**MATERIAL PROVIDED**

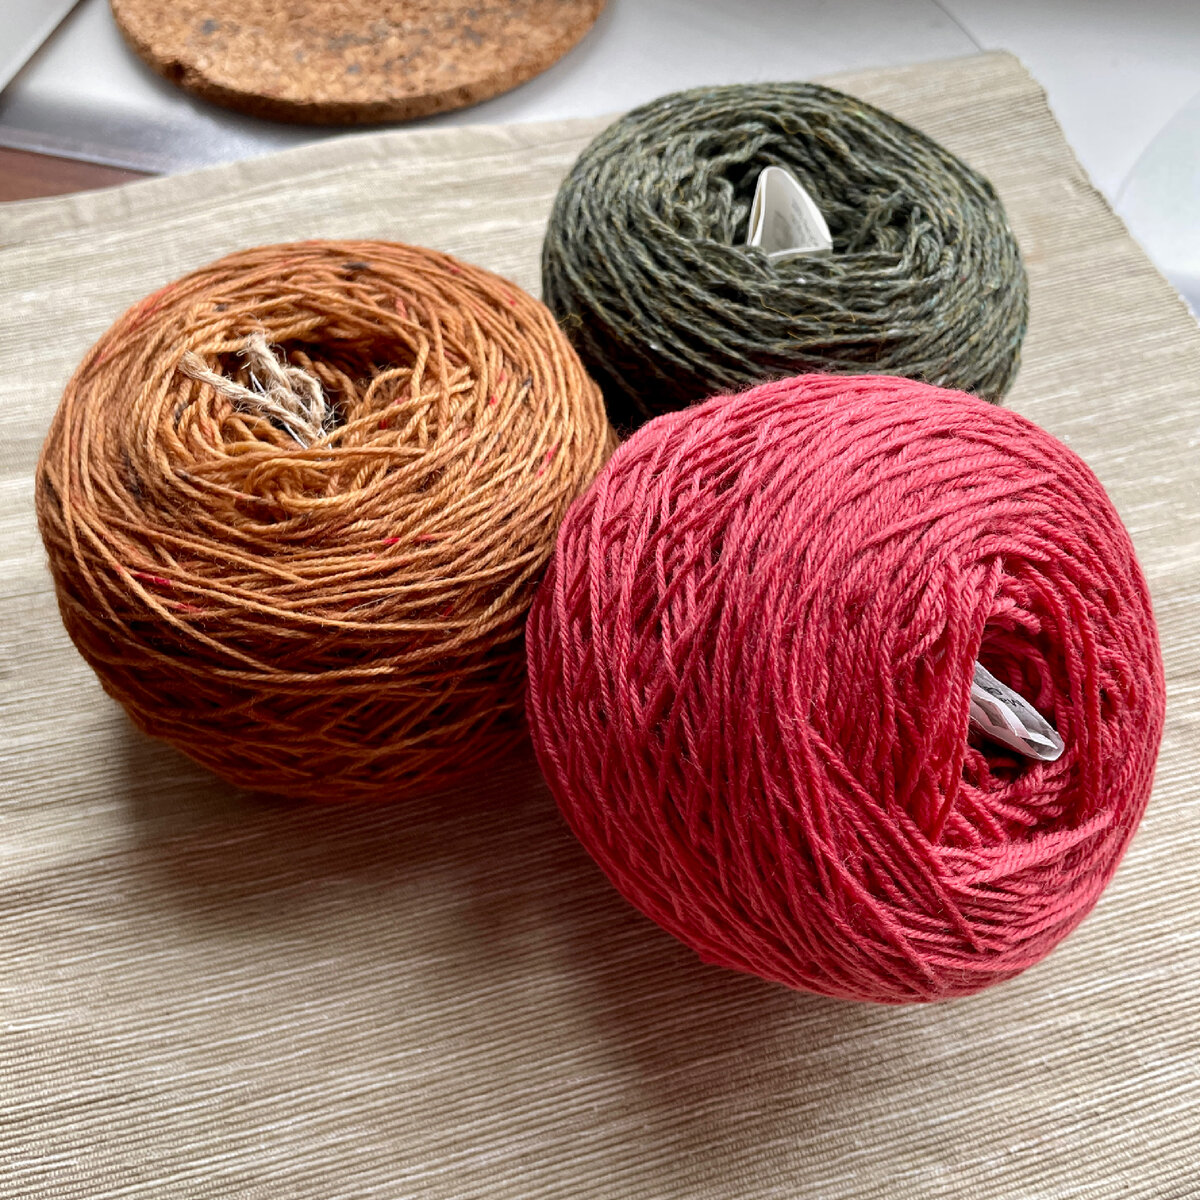 Как выбрать пряжу для вязания начинающим мастерицам?
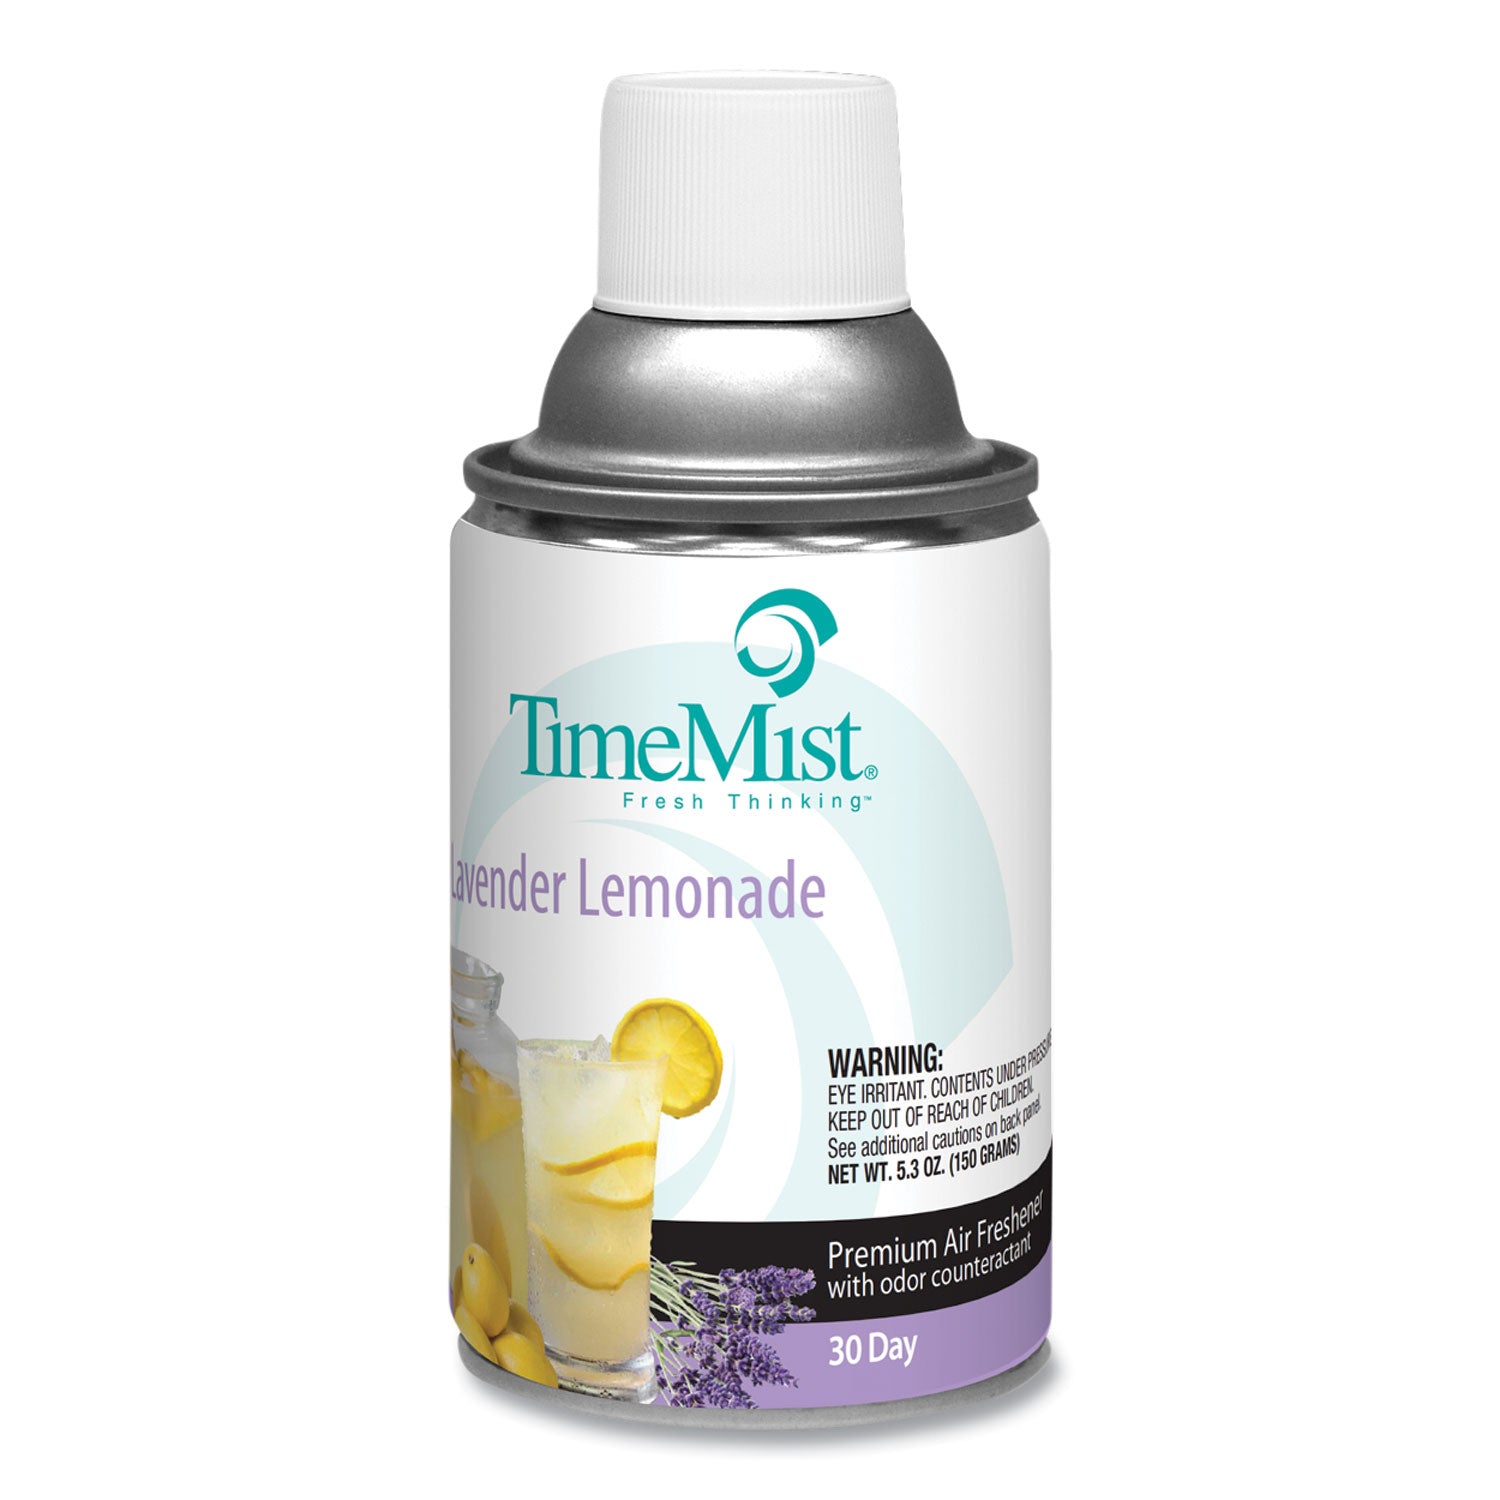 Premium Metered Air Freshener Refill, Lavender Lemonade, 5.3 oz Aerosol Spray, 12/Carton - 2
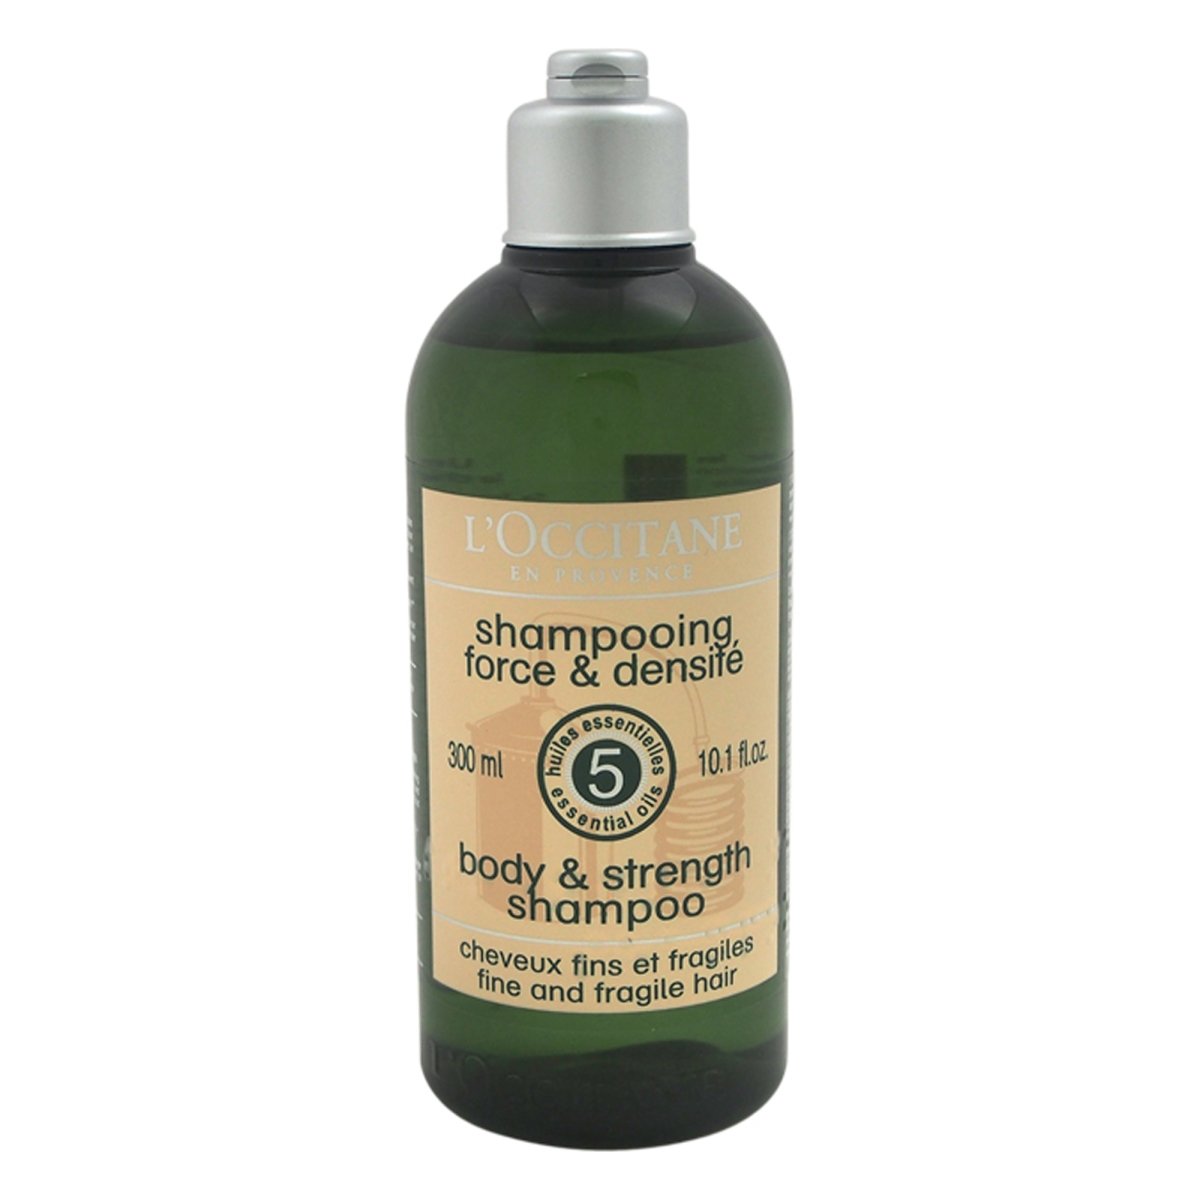 U-hc-10799 10.1 Oz Unisex Aromachologie Body & Strength Shampoo

**TASK PROMPT**
Print the listing exactly, but skip its pictures.

**THE COMPLETED TASK**
 Как выбрать пряжу для вязания начинающим мастерицам?
 Premium Metered Air Freshener Refill, Lavender Lemonade, 5.3 oz Aerosol Spray, 12/Carton - 2
 U-hc-10799 10.1 Oz Unisex Aromachologie Body & Strength Shampoo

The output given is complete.